[Work required]
Can the lines below, from the one that holds "(VR) NHVR-067 唾液ダラダラ接吻痴●" to the very end, be echoed exactly, with both ends included and no pictures?

[Given material]
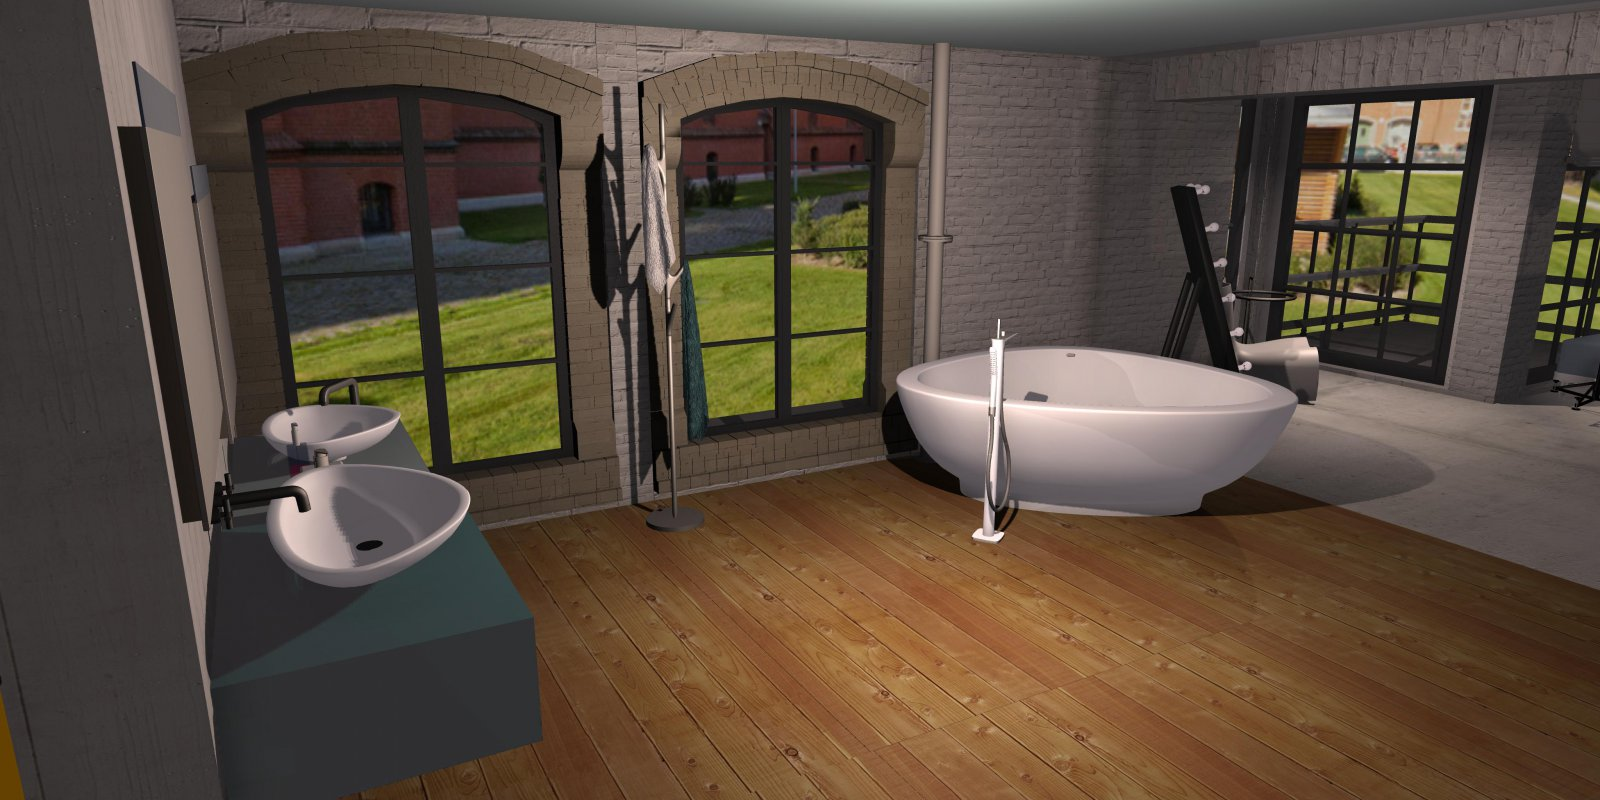 Raumplanung Loft Showroom Bad - roomeon Community
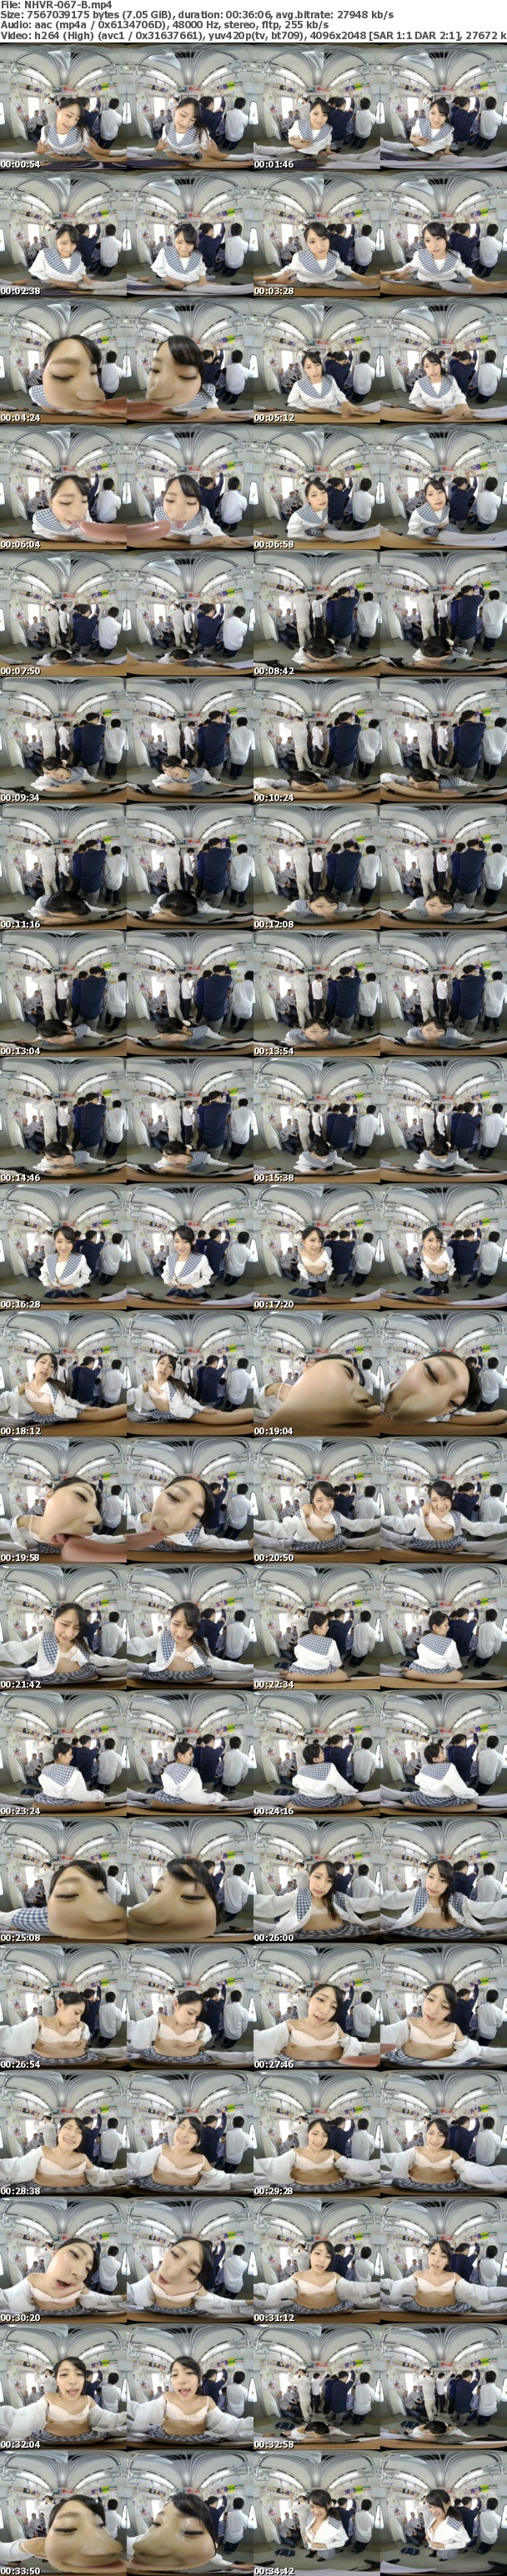 (VR) NHVR-067 唾液ダラダラ接吻痴● VR2 オヤジを虜にするほど密着して舐めまくる痴女子○生
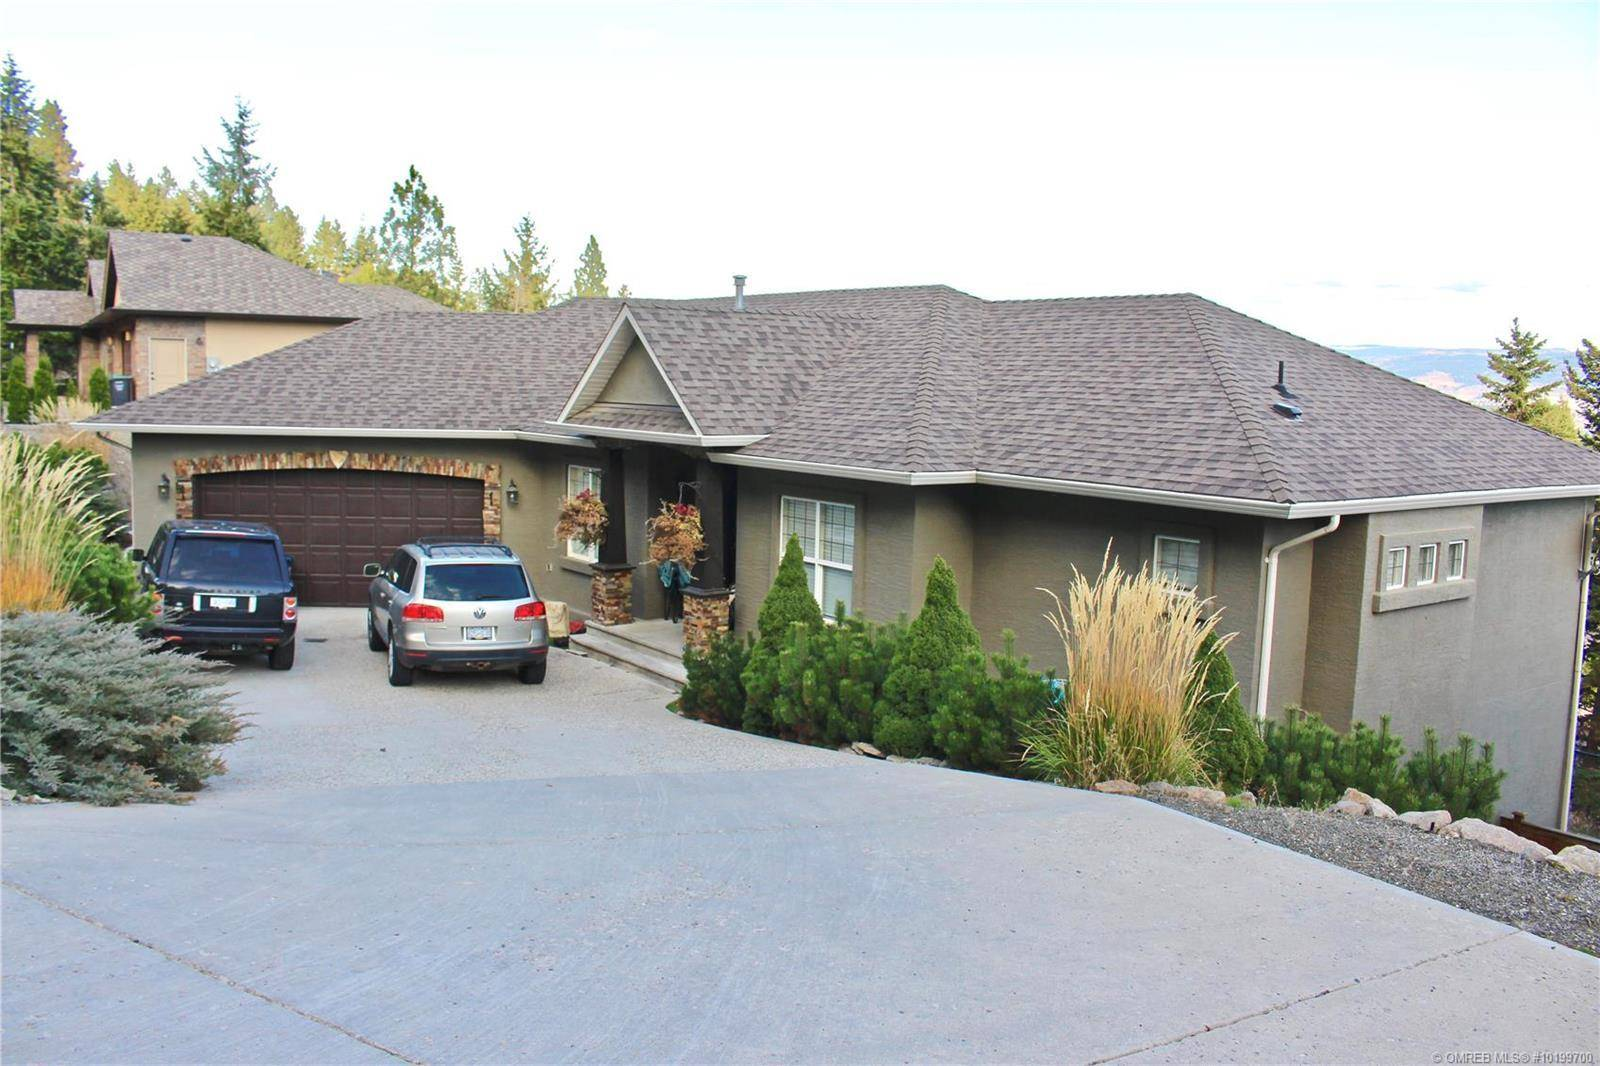 House for sale at 1007 Aurora Ht West Kelowna British Columbia - MLS: 10199700

[Exercise output]
 (VR) NHVR-067 唾液ダラダラ接吻痴● VR2 オヤジを虜にするほど密着して舐めまくる痴女子○生
 House for sale at 1007 Aurora Ht West Kelowna British Columbia - MLS: 10199700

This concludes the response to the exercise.